### Problem requirements
Every line below must come back exactly as it stands, with the images omitted.

### Supplied material
────────
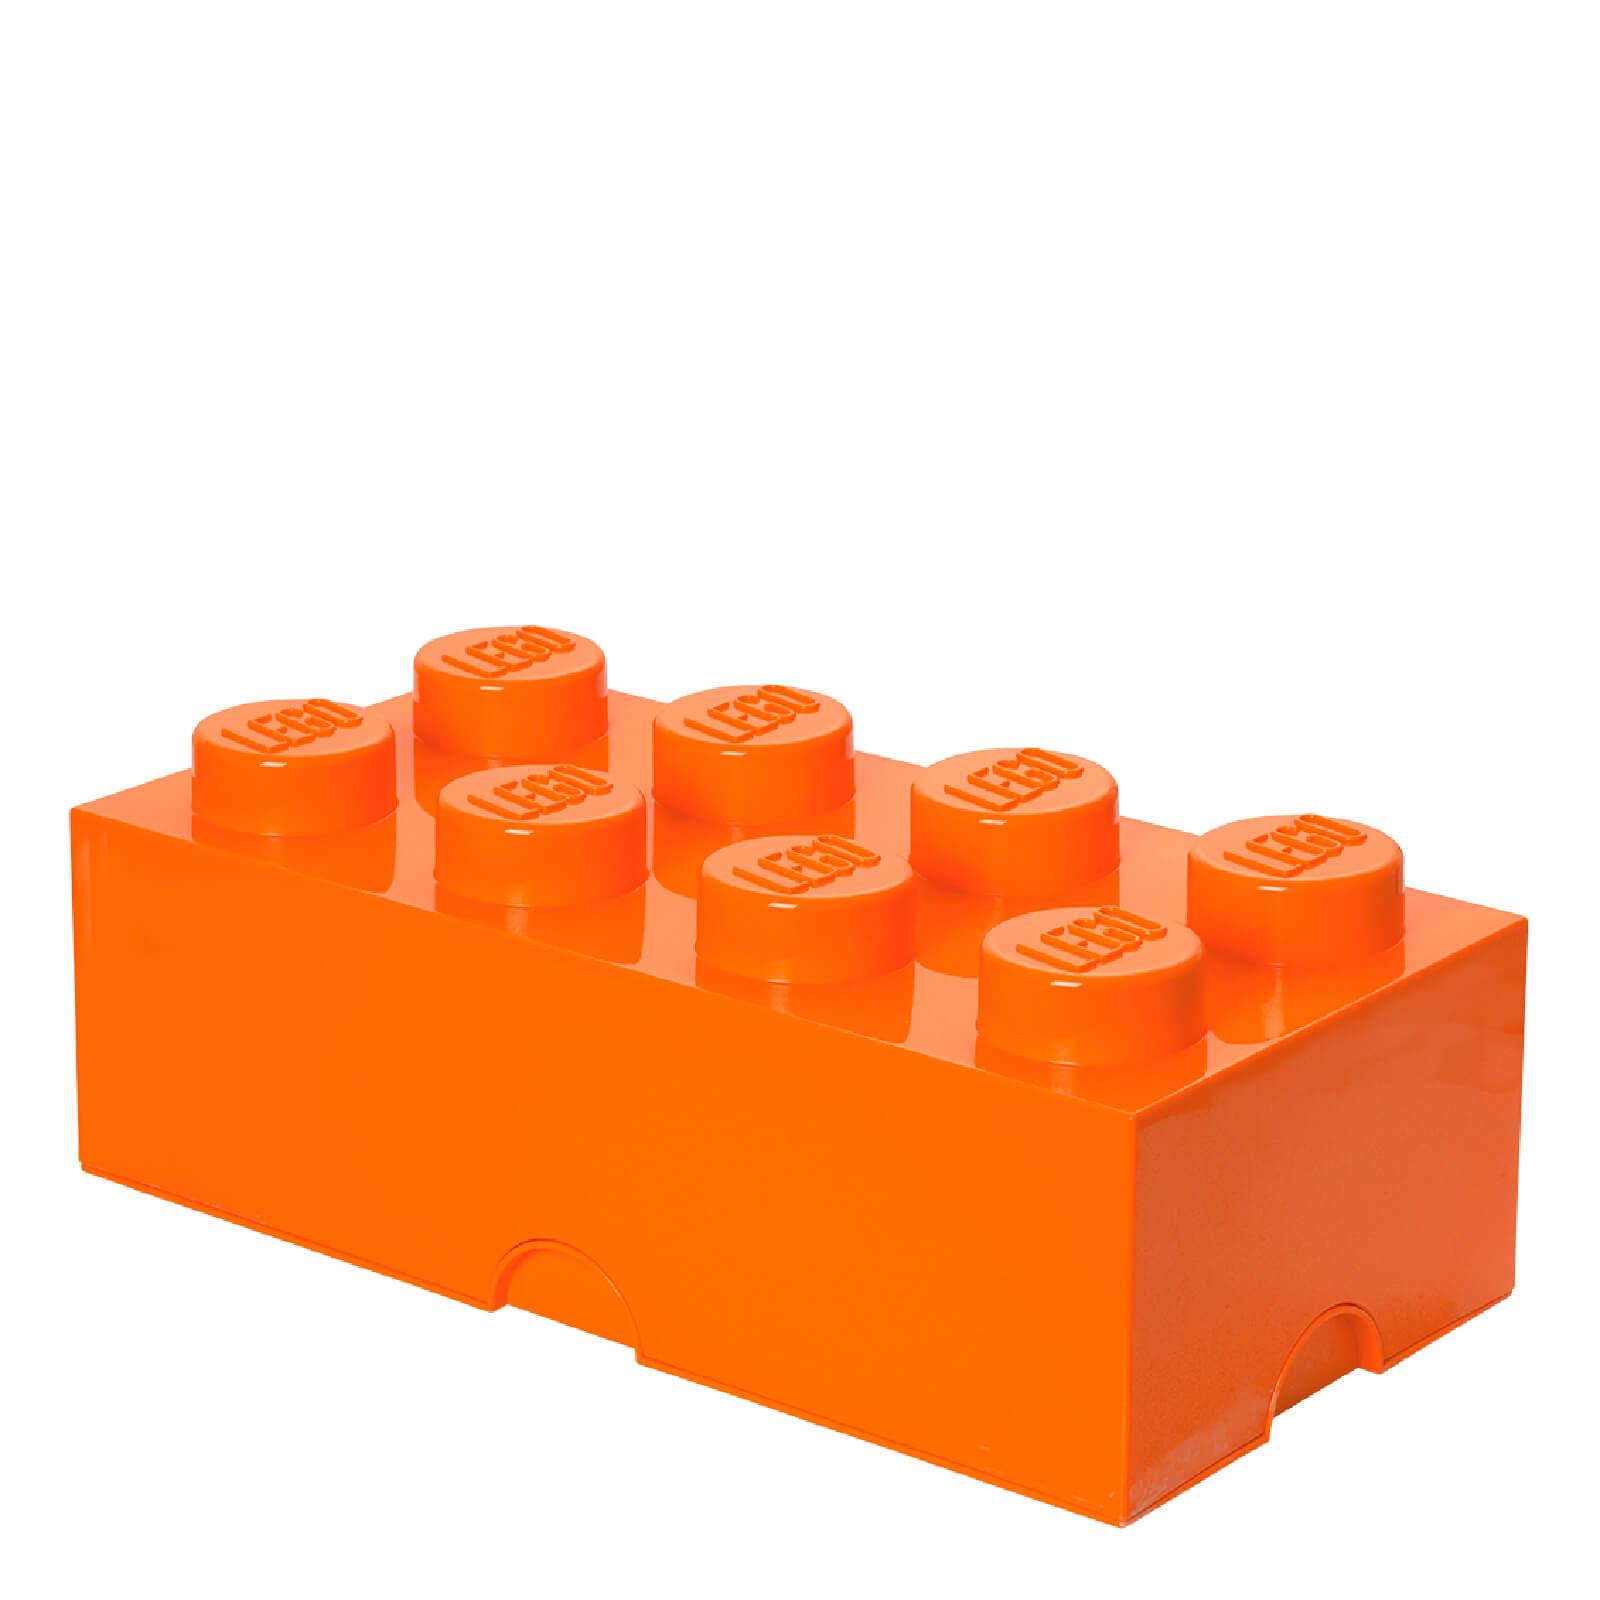 Lego Storage Brick 8 - Bright Orange
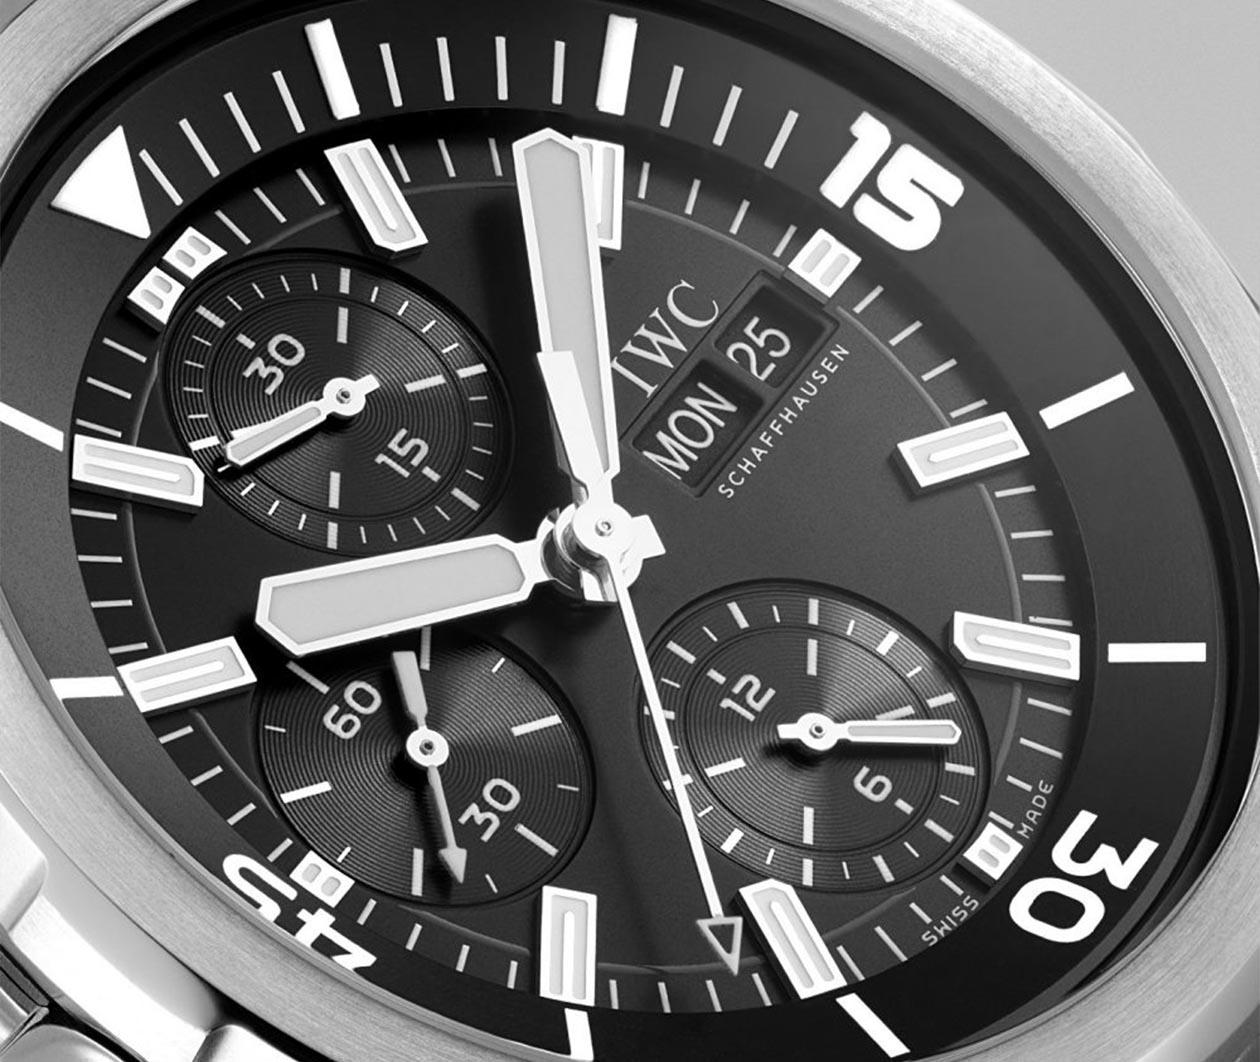 IWC Aquatimer Chronograph IW376804 Carousel 4 FINAL
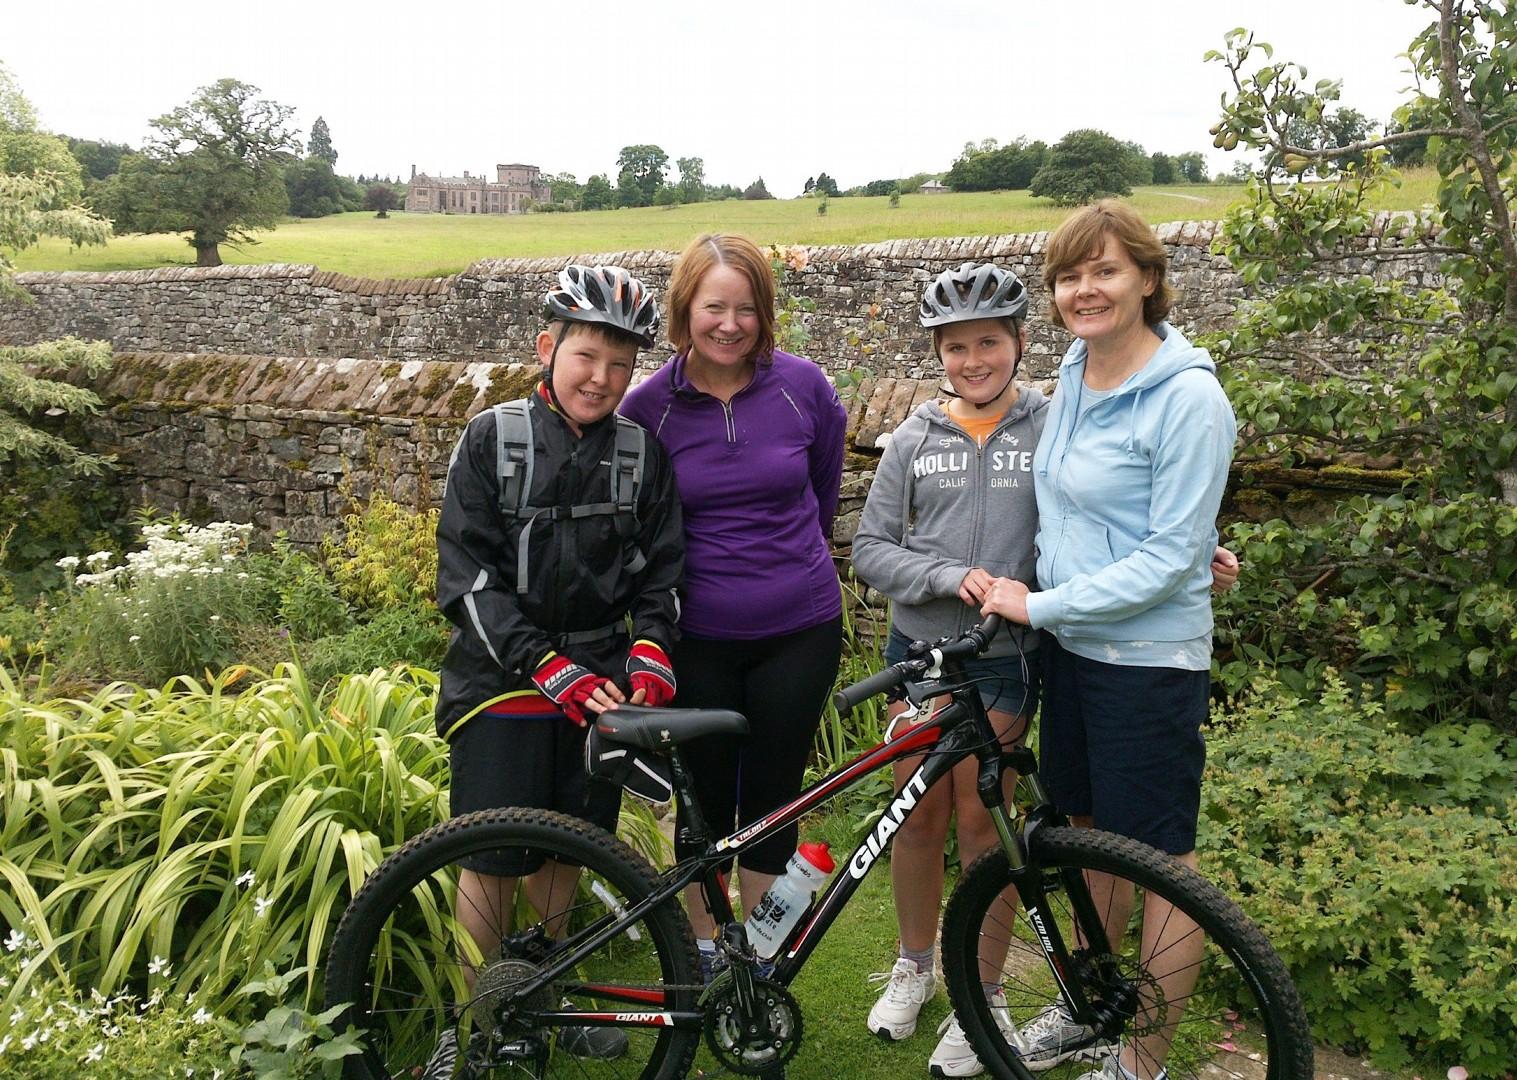 family-guided-bike-skills-uk-lake-district-cycling-holiday.jpg - UK - Lake District - Guided Family Bike Skills - Family Cycling
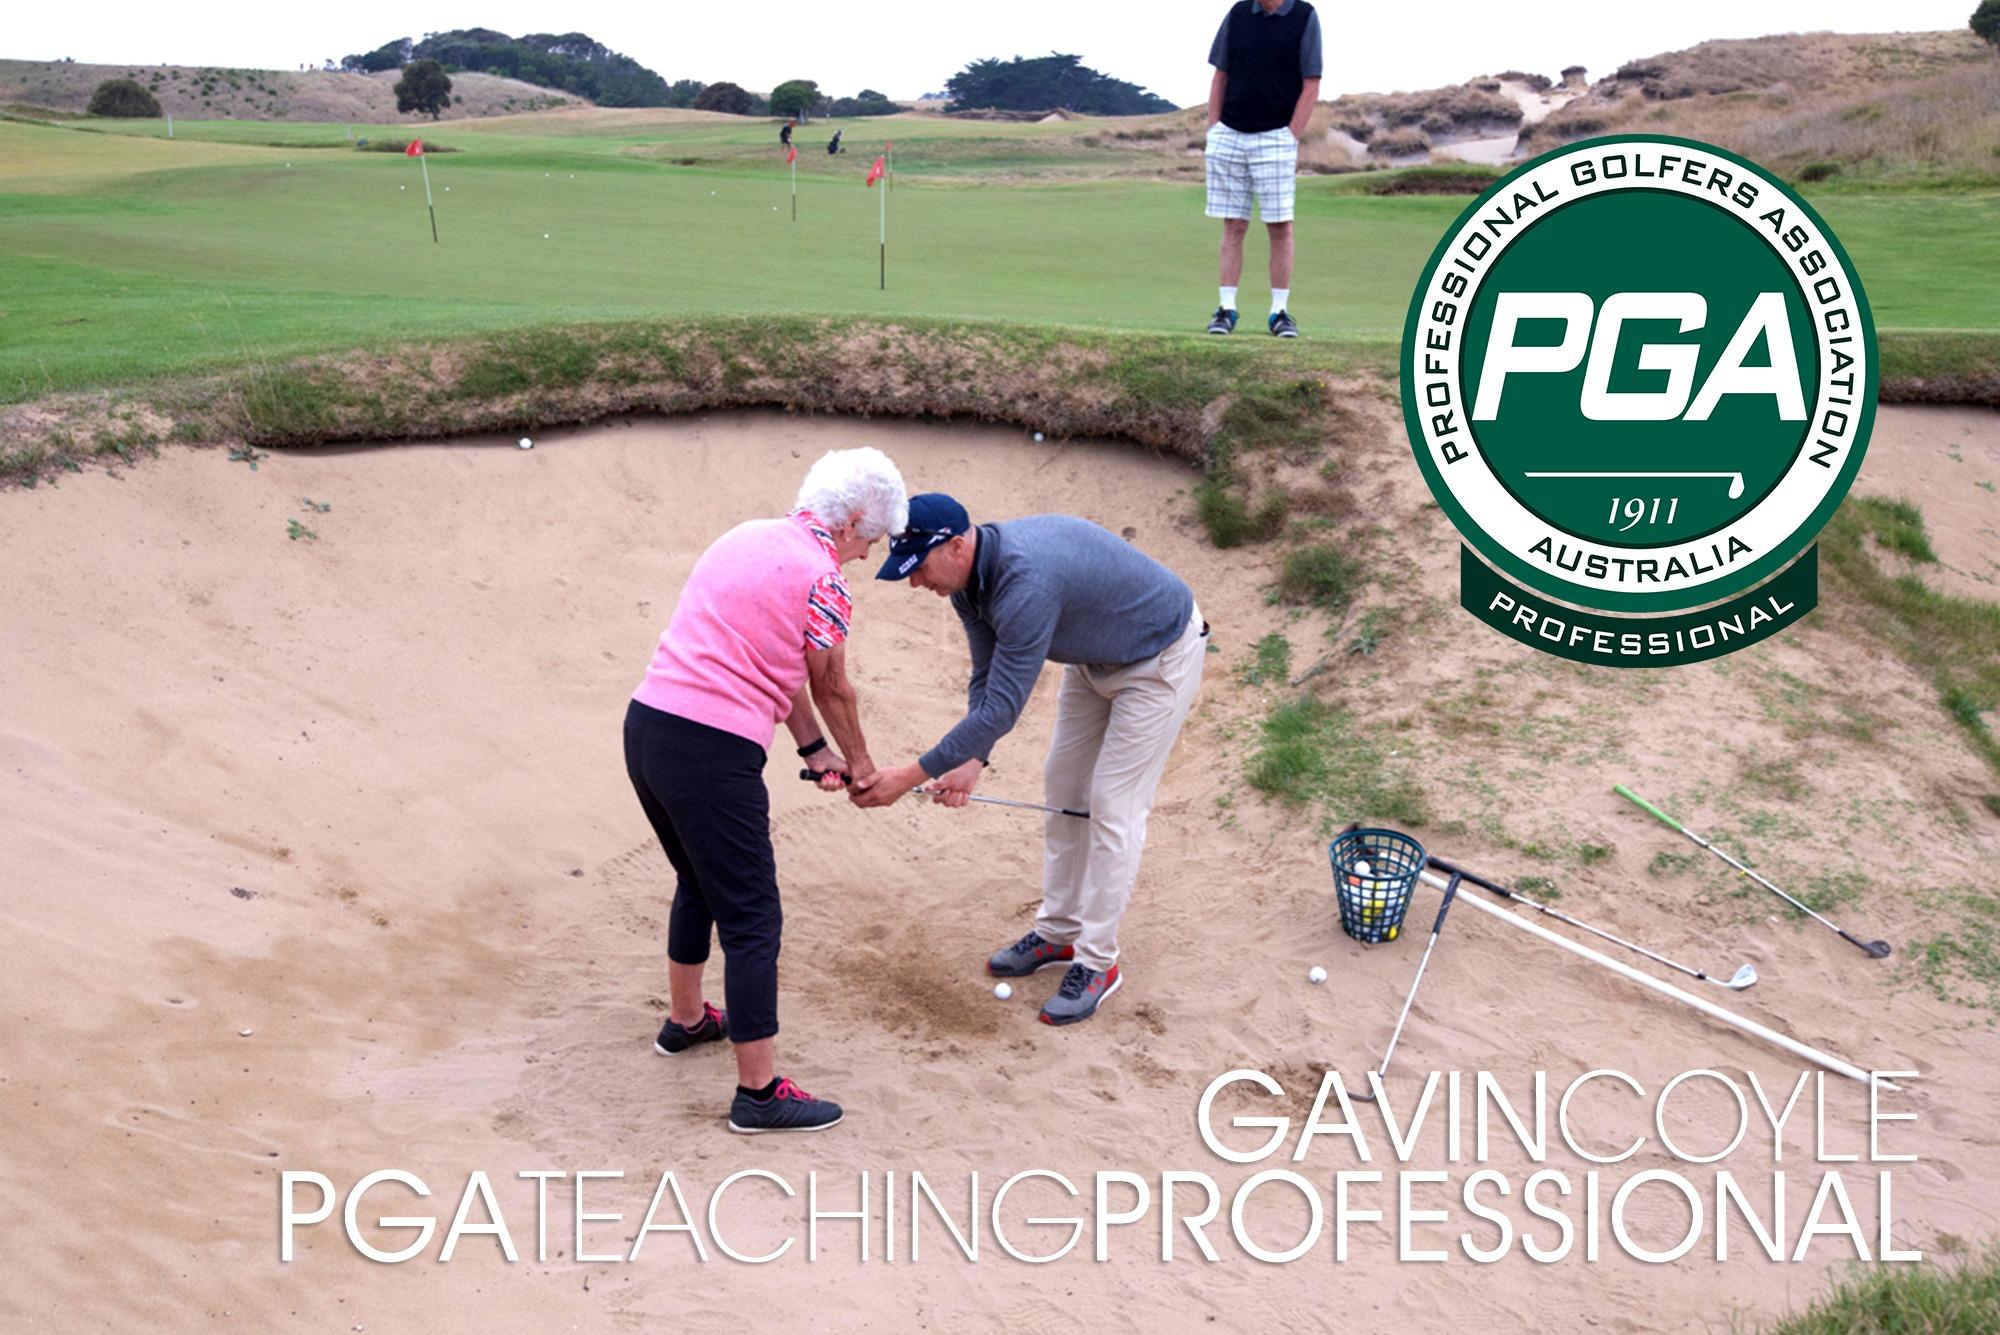 Gavin Coyle PGA Teaching Professional
────────
### Answer to this exercise
 Lego Storage Brick 8 - Bright Orange
 IWC Aquatimer Chronograph IW376804 Carousel 4 FINAL
 family-guided-bike-skills-uk-lake-district-cycling-holiday.jpg - UK - Lake District - Guided Family Bike Skills - Family Cycling
 Gavin Coyle PGA Teaching Professional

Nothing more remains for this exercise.